LUSAKA, April 24 (Xinhua) -- Stakeholders in Zambia on Tuesday received a call by authorities to introduce aptitude testing of teachers to be recruited this year.
Stanley Mhango, Chairperson of the Teaching Service Commission, a government entity regulating the teaching profession, said recently that applicants for the 2018 teacher recruitment will be required to sit for aptitude tests.
He said the aptitude tests will be conducted in various districts of the southern African nation to ensure that only competent teachers were recruited.
The Commission, however, said the move was not meant to demean teachers but to improve standards and the quality of education in the country.
The move, he said, follows complaints from some school authorities over the caliber of some teachers deployed to various schools.
But the move, the first of its kind in teacher recruitment in the country, has received mixed reactions from stakeholders.
The Zambia Council for Social Development (ZCSD) said the move was a confirmation that the government has not been paying particular attention to provision of quality education throughout the system.
Lewis Mwape, Executive Director of the organization, said reports of failure by some recruited teachers to perform was a systemic failure by education authorities in the country to deliver quality education and introducing aptitude tests was a pedestrian manner of dealing with the problem.

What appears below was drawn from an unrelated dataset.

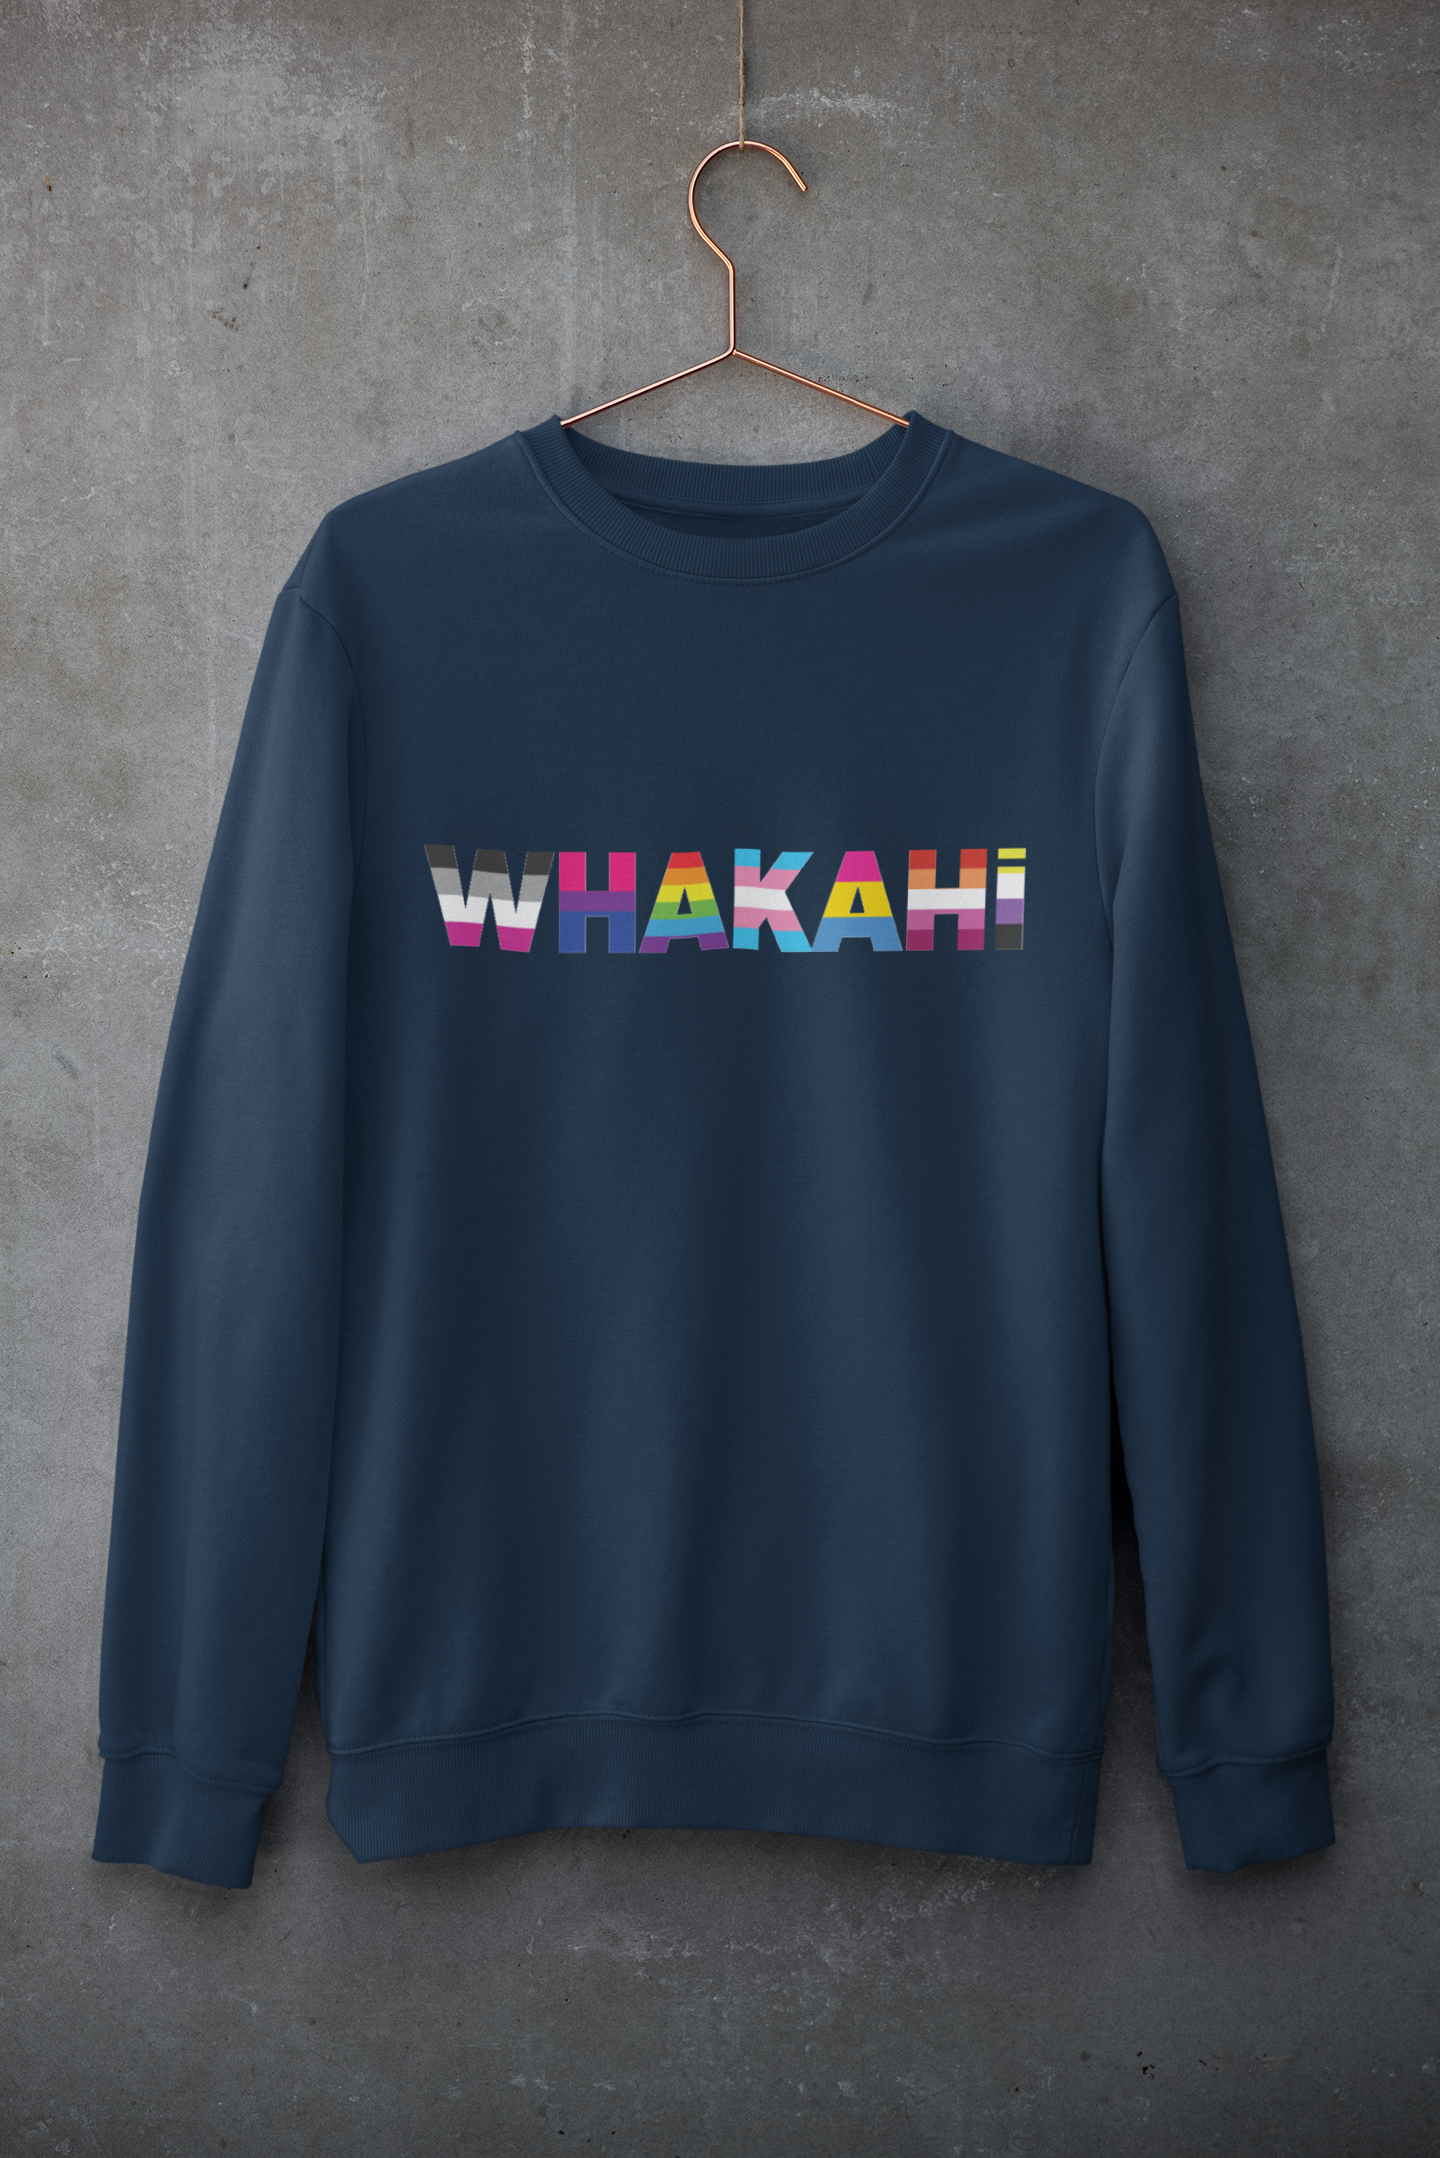 WHAKAHI - Sweatshirt

"The revelation of the Teaching Service Commission must be taken seriously as it raises not just the question of quality of teacher training but also underpins the systemic failure of the entire education system," he said.
The government, he said, should increase funding to the education sector and ensure that the Ministry of General Education allocates more resources to the Directorate of Standards within the ministry in order to deal with education quality outcomes throughout the system.

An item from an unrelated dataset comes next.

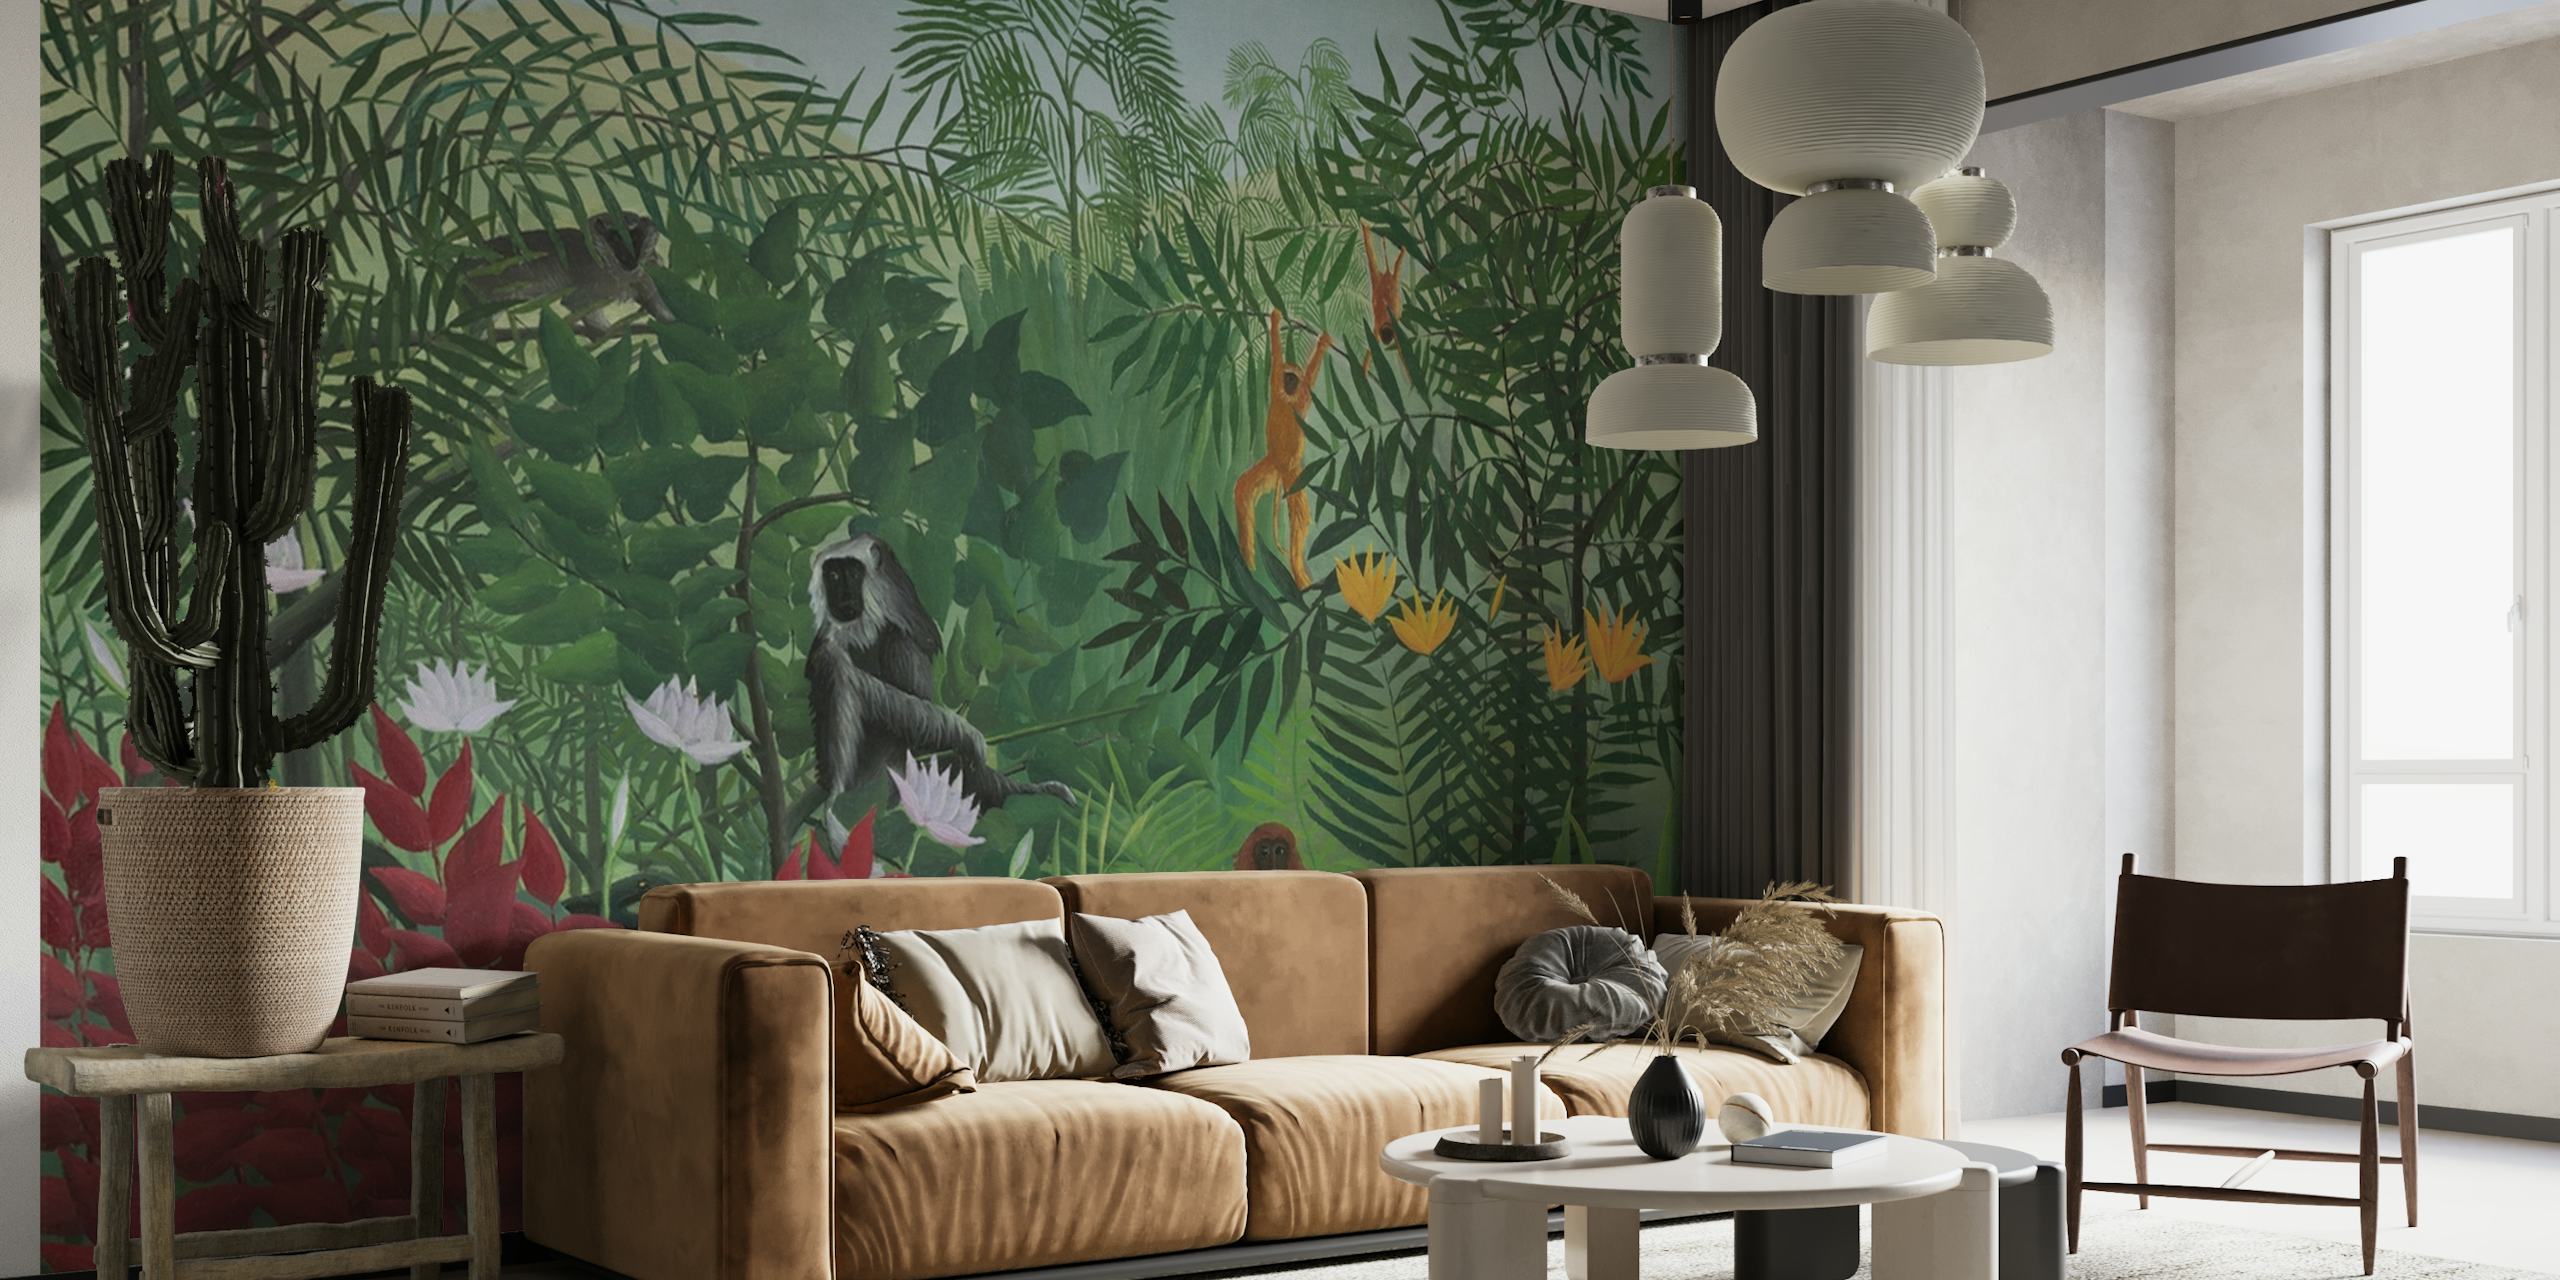 Vægmaleri, der viser en tropisk skovscene med aber, inspireret af Henri Rousseaus kunststil.

"We are also of the view that the resources for aptitude testing would better be invested into providing text books and other education materials to schools who are currently struggling with teaching and learning materials due to poor funding at school level," he said.

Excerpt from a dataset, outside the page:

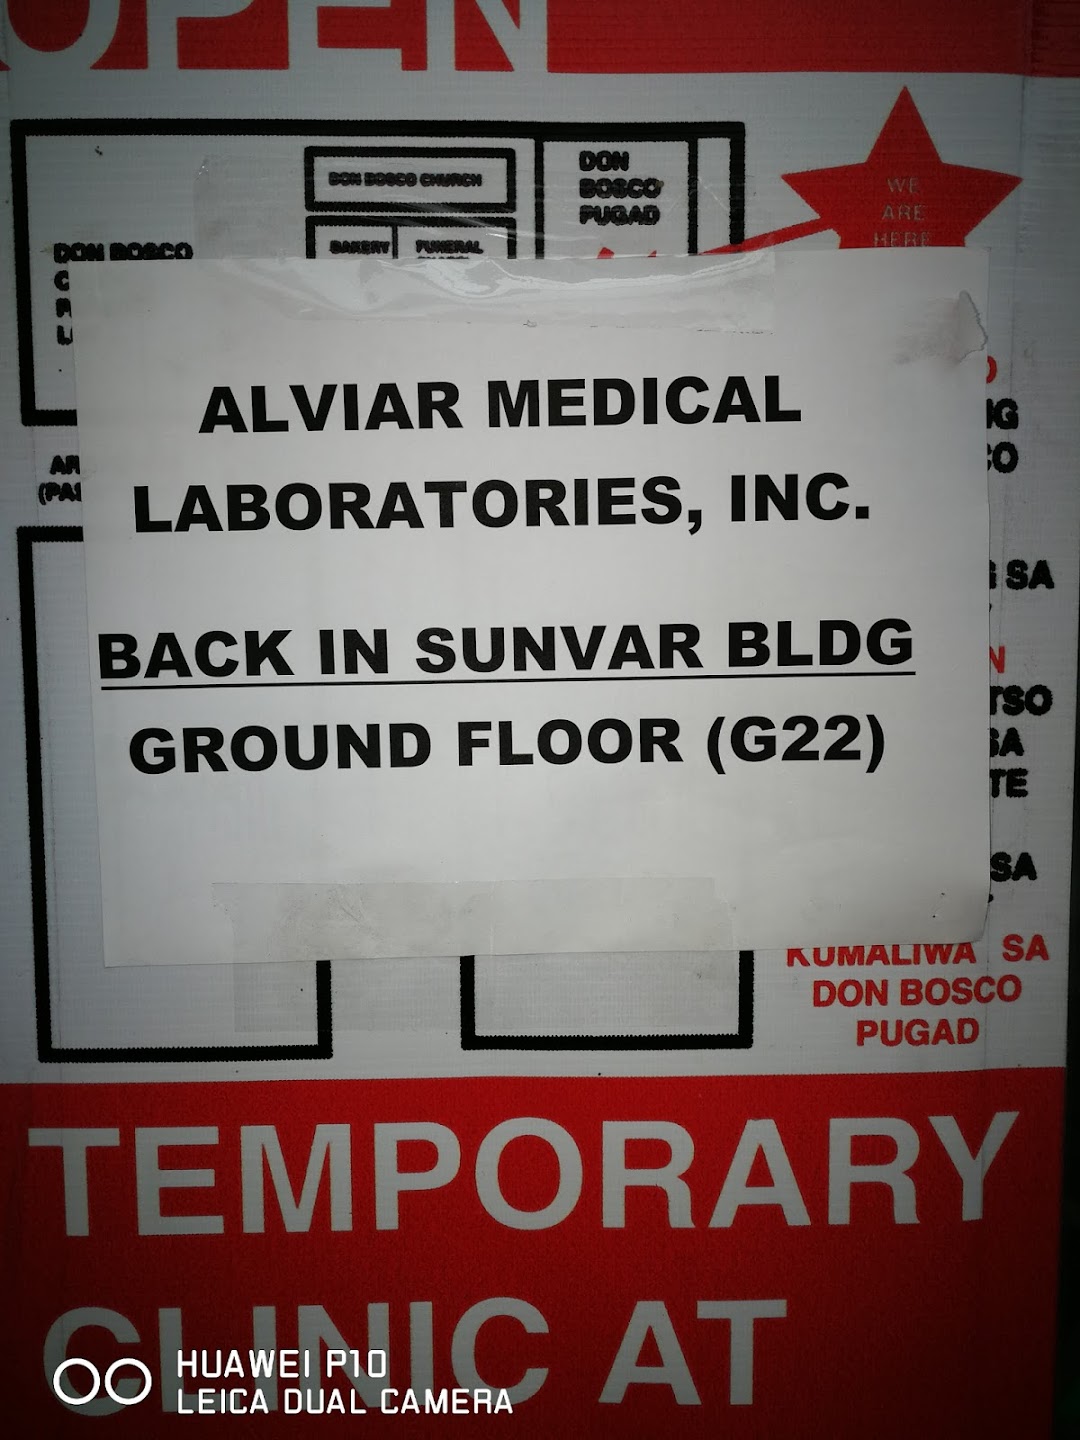 Alviar Medical Laboratories, Inc

The Zambia National Union of Teachers (ZNUT) also believes that there is need to review the education structure in order to identify the real problem.
Newman Bubala, the union's secretary general, said there were many loopholes in the recruitment process which have resulted in competently qualified teachers being left out in the recruitment exercise.
According to him, there was need to examine the recruitment system to ensure that the process was transparent and also increase the budgetary allocation to the education sector to enhance the quality of education being provided.
But other stakeholders welcomed the aptitude tests, following reports of teachers with fake qualifications being recruited.
"We need these aptitude tests because of what has been happening in the teaching profession where we had teachers with fake qualifications exposed. This will go a long way in ensuring that only qualified teachers are recruited," said Stephen Zulu, an economic and social commentator based in Lusaka, the country's capital.
Last year, over 500 teachers were found with fake qualifications during a scrutiny of their education qualifications and some of them have since been fired.
But Moses Mwali, a 54-year-old teacher, believes that aptitudes tests should be done when people were being enrolled in teacher colleges instead of waiting for them to finish their education.
"In our time, we were subjected to aptitude tests upon applying to go to college. Why should they wait until someone has finished their course?" he said.